La constatazione finale di A un vincitore segna poi il passaggio alle due allegorie dell’infelicità umana: il Bruto minore e l’Ultimo canto di Saffo. Il primo distrugge quel mito della virtù precedentemente menzionato ed il suo protagonista, Bruto, si erge titanicamente contro le divinità suicidandosi (il suicidio eroico è un tema tipicamente romantico).  Anche Saffo si suicida, ma il suo gesto non ha in sé alcuno slancio titanico, anzi le sue note sono alquanto dolenti. L’Ultimo canto di Saffo cade cronologicamente tra la composizione di Alla Primavera e dell’Inno ai Patriarchi e tale posizione conserverà sino alla pubblicazione dell’edizione bolognese delle Canzoni datata 1824. Ma già dall’edizione Piatti del 1831, l’ordinamento risulta diverso: Saffo venne spostata dopo i Patriarchi, non solo perché quest’ultimo, assieme Alla Primavera, costituiva un dittico tematico, ma anche perché l’Ultimo canto chiudeva in modo significativo il ciclo delle canzoni per introdurre ufficialmente quello degli idilli. Se stilisticamente in esso permane la struttura complessa composta da lunghe subordinate e da un linguaggio elevato con frequenti metafore, proprie delle canzoni, certi aspetti tematici anticipano quelli che saranno poi caratteristici degli idilli (come, ad esempio, il notturno lunare che fa da sfondo alla narrazione). 
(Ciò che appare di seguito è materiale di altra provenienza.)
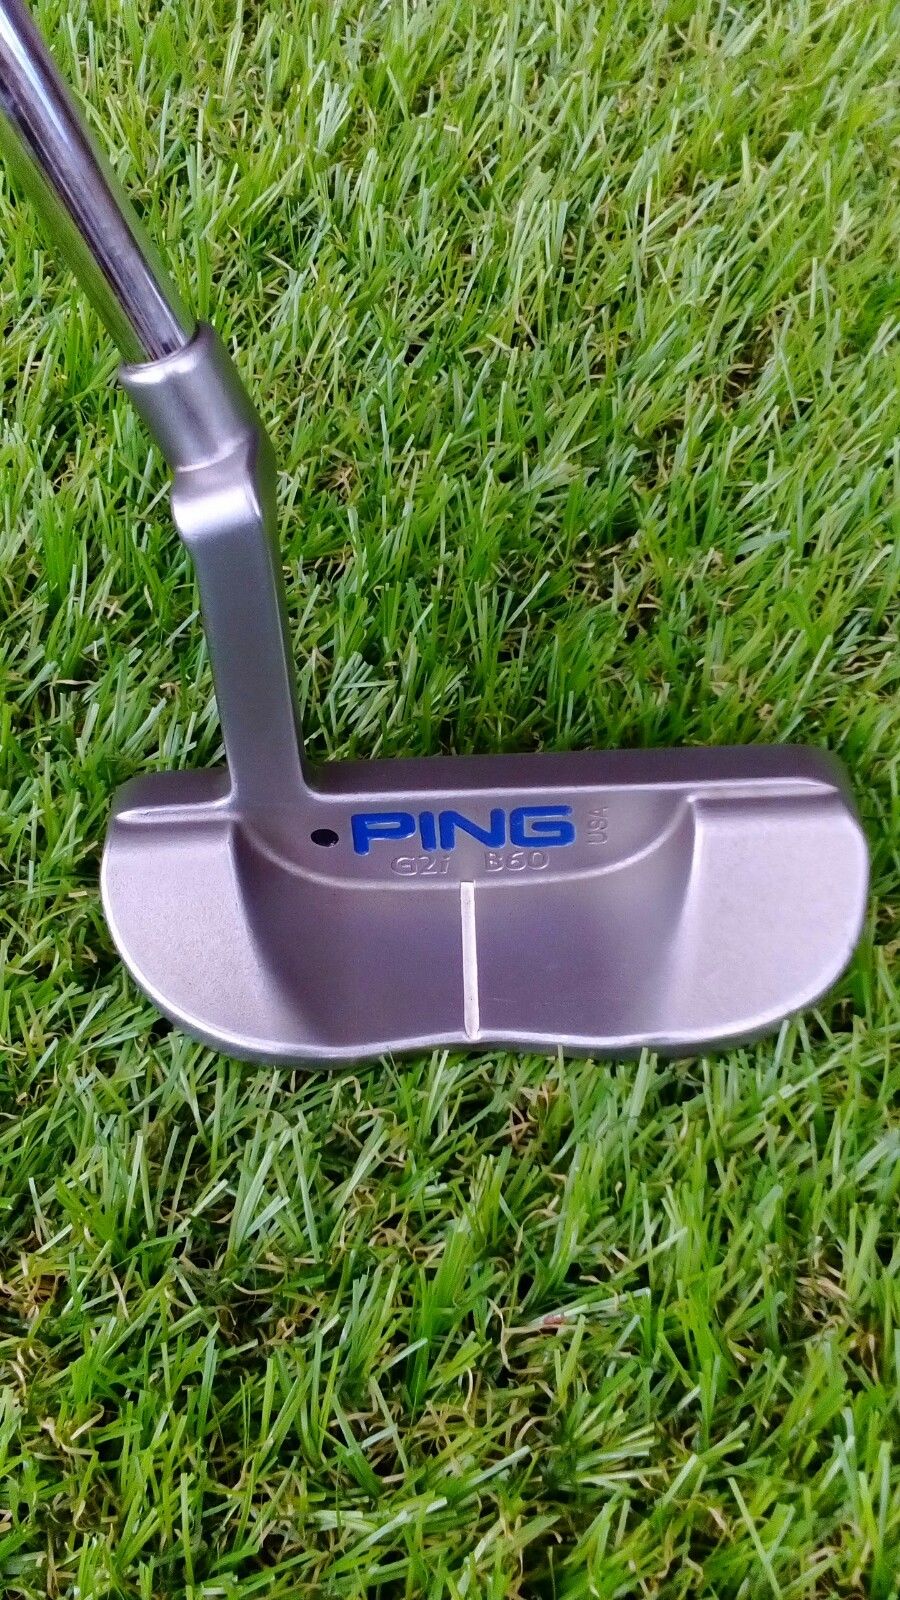 Man tries to sell his golf club over Facebook, gets crazy response!

Il dittico Primavera-Patriarchi svolge un duplice congedo: il primo, come si è già visto, dalle “favole antiche”; il secondo dalla mitologia. In Alla Primavera Leopardi ripercorre il cammino dell’umanità dal tempo delle illusioni sino alla realtà del vero: l’uomo moderno è dominato da quest’ultimo, ma in primavera il suo animo torna a vibrare all’unisono con la natura, vagheggiando e sospirando quelle “favole antiche” che un tempo lo consolavano. Ma tale vagheggiamento permane privo di illusioni ed è coperto dall’ombra oscura del nulla.  L’Inno ai Patriarchi, invece, tratta il tema della nostalgia del primitivo e rievoca così il mito rousseauiano dell’allontanamento dell’uomo dal suo stato di natura: l’argomento consente a Leopardi di introdurre un confronto tra il mondo dei patriarchi e quello degli indigeni della California, felici nella loro ingenuità primitiva minacciata però dalle vicende della colonizzazione europea. Importante è sottolineare come nell’Ultimo canto di Saffo tramonti il concetto di natura materna: ad esso si oppone l’idea di una matrigna causa stessa dell’infelicità umana, che non sarebbe quindi più dovuta dall’allontanamento dell’individuo dalla sua realtà primitiva. 

Ricapitolando, per concludere, le Canzoni sono dieci e sono: Alla sua Donna, All’Italia, Sopra il monumento di Dante, Ad Angelo Mai, Nelle nozze della sorella Paolina, A un vincitore nel pallone, Bruto minore, Alla Primavera, Inno ai Patriarchi, Ultimo canto di Saffo.